15 November 2014

The myth of a strong baseline

I can probably count on my fingers the number of papers I've submitted for which a reviewer hasn't complained about a baseline in some way. I don't mean to imply that all of those complaints are invalid: many of them were 100% right on in ways that either I was lazy about or ways that I hadn't seen a priori.

In fact, I remember back in 2005 I visited MIT and gave a talk on what eventually became the BayeSum paper (incidentally, probably one of my favorite papers I've written, though according to friends not exactly the best written... drat). I was comparing in the talk against some baselines, but Regina Barzilay very rightfully asked me: do any of these baselines have access to the same information that my proposed approach does? At the time I gave this talk the answer was no. In the actual paper the answer is yes. I think Regina was really on to something here, and this one question asked in my talk has had a profound impact on how I think about evaluation since then. For that, I take a small time-out and say: Thank you, Regina.
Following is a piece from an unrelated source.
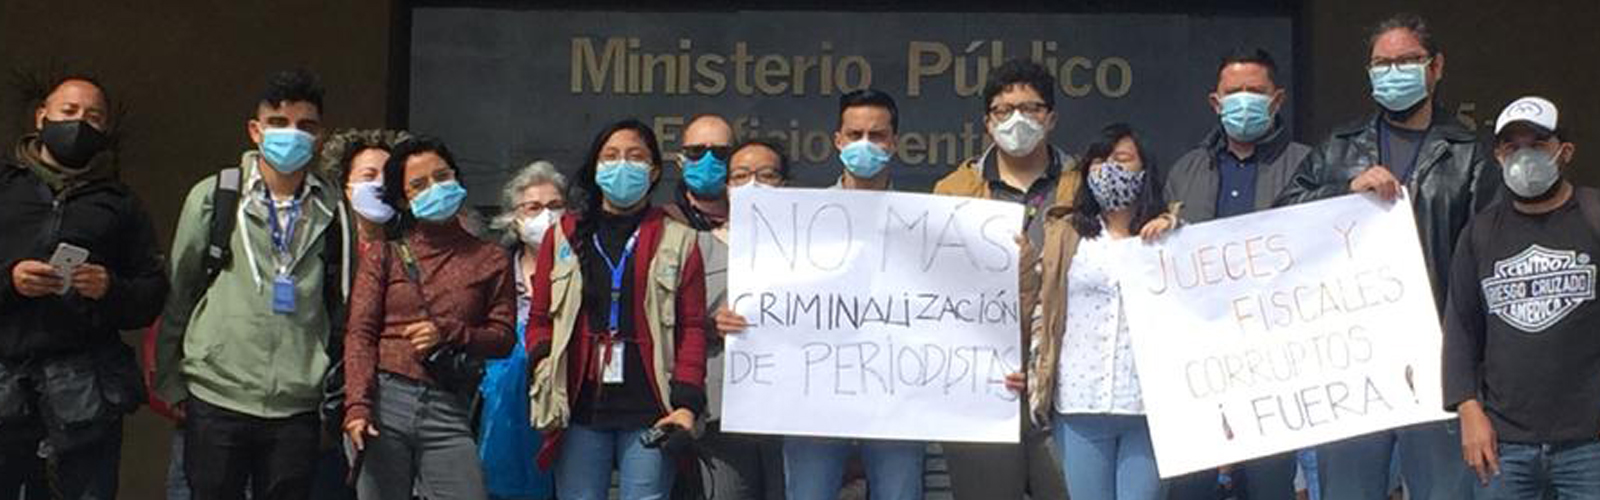 Periodistas y libertad de expresión en riesgo en Guatemala

Like all such influential comments, my interpretation of Regina's question has changed over time, and this post is essentially about my current thinking on this issue, and how it relates to this "does not compare against a strong enough baseline" reviewer critique that is basically a way to kill any paper.

If we're going to ask the question about whether an evaluation strategy is "good" or "bad" we have to ask ourselves why are we doing this evaluation thing in the first place. My answer always goes back to my prima facie question when I read/review papers: what did I learn from this paper? IMO, the goal of an evaluation should be to help isolate what I learned.

Let's go back to the BayeSum paper. There are two things I could have been trying to demonstrate in this paper. (A) I could have been trying to show that some new external source of knowledge is useful; (B) I could have been trying to show that some new technique is useful. In the case of BayeSum, the answer was more like (B), which is why Regina's comment was spot on. I was trying to claim the approach was good, but I hadn't disentangled the new approach from the data, and so you could have easily believed that the improvement over the baseline was due to the added source of data rather than the new technique.

In many cases it's not that cut and dry because a (B)-style new technique might enable the use of (A)-style new data in a way that wasn't possible before. In that case, the thing that an author might be trying to convince me of is that the combination is good. That's fine, but I still think it's worth disentangling these two sources of information as much as possible. This is often tough because in the current NLP atmosphere in which we're obsessed with shiny new techniques, it's not appealing to show that the new data gets you 90% of the gain and the new technique is only 10% on top of that. But this is another issue.

So evaluations are to help us learn something. Let's return now to the question of you didn't compare against a strong enough baseline. Aside from parroting what's been said many times in the past, what is the point of such a complaint, beyond Regina's challenge, which I hope I've made clear I agree with. The issue, as best I can understand it, is that it is based on the following logic:

  • Assumption: if your approach improves things against a strong baseline, then it will also improve against a weaker baseline, perhaps by more.
I'll note in passing that this is basically an assumption of submodularity of ideas.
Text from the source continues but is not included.